One of the most frustrating limitations of SQL Server 2005 Standard edition is that it doesn’t support semi additive measures in SSAS Analysis Services cubes. This post explains a work around that provides similar functionality without having to shell out for the Enterprise Edition.
What Are Semi Additive Measures?
Semi Additive measures are values that you can summarise across any related dimension except time.
For example, Sales and costs are fully additive; if you sell 100 yesterday and 50 today then you’ve sold 150 in total. You can add them up over time.
Stock levels however are semi additive; if you had 100 in stock yesterday, and 50 in stock today, you’re total stock is 50, not 150. It doesn’t make sense to add up the measures over time, you need to find the most recent value.
Why are they important?
Whether they are important to you or not depends entirely on what you are trying to do with your cube. If all of your required measures are fully additive then you really don’t need to worry about anything. However as soon as you want to include measures such as stock levels, salarys, share prices or test results then they become pretty much essential.
Why are they not available in SQL Standard edition?
Microsoft has to have some way of pursuading us to pay for the Enterprise edition!
How can I get this functionality within SQL Standard?
Firstly we need to understand what semi additive measures do. By far the most common aggregation used is the LastNonEmpty function, so we’ll stick with that as an example. This basically says that whatever time frame you are looking at, find the most recent value for each tuple. This really is a fantastically powerful function, which only really becomes apparent whan you don’t have it!
Lets say that you perform a stock take of different products on different days of the week. You will have a stock entry for product A on a Thursday and product B on a Friday. The LastNonEmpty function takes care of this for you, if you look at the stock level on Saturday it will give you the correct values for both A and B, even though you didn’t perform a physical stock take on the Saturday.
If you then add the time dimension into the query, SSAS will perform this function for each and every time attribute shown, and then aggregate the results up to any other dimensions used. i.e. Each month will then display the sum of all LastNonEmpty values for all products within that month, essentially the closing stock level for each and every month.

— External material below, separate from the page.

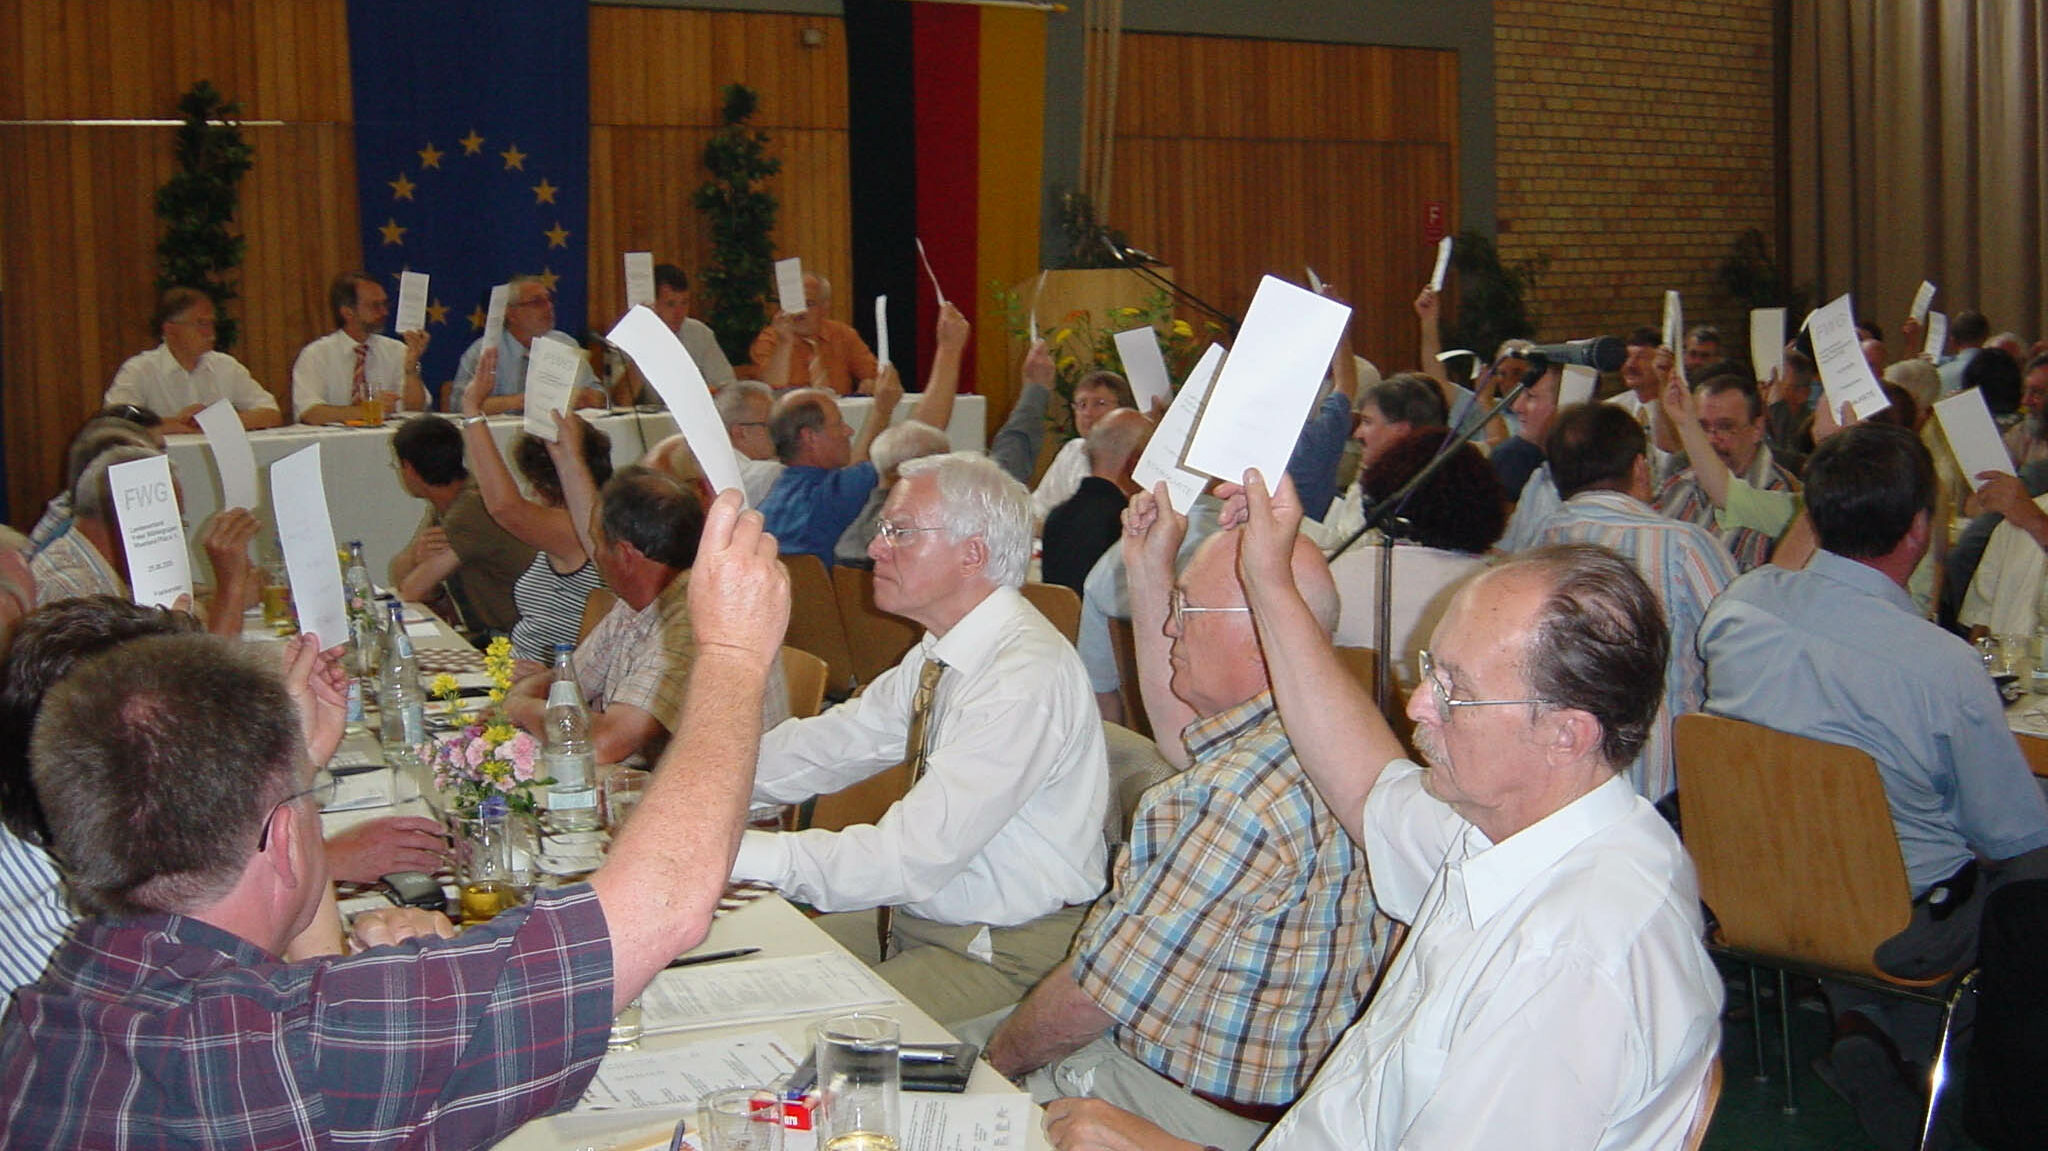 Old men, and a very few women, are sitting together in a large room.  They held white papers and participated in the vote.

To replicate this in Standard Edition, we need to split the work up into two stages.
1) Create daily values in the data warehouse
2) Use MDX to select a single value from the time dimension.
Think of this as splitting up the LastNonEmpty function into two, ‘Last’ and ‘Non Empty’. The ‘Non Empty’ bit essentially fills in the blanks for us. If a value doesn’t exist for that particular day, it looks at the previous day’s value. The ‘Last’ bit says that if we are looking at months in our query, find the value for the last day in that month. The same goes for years, or indeed any other time attribute.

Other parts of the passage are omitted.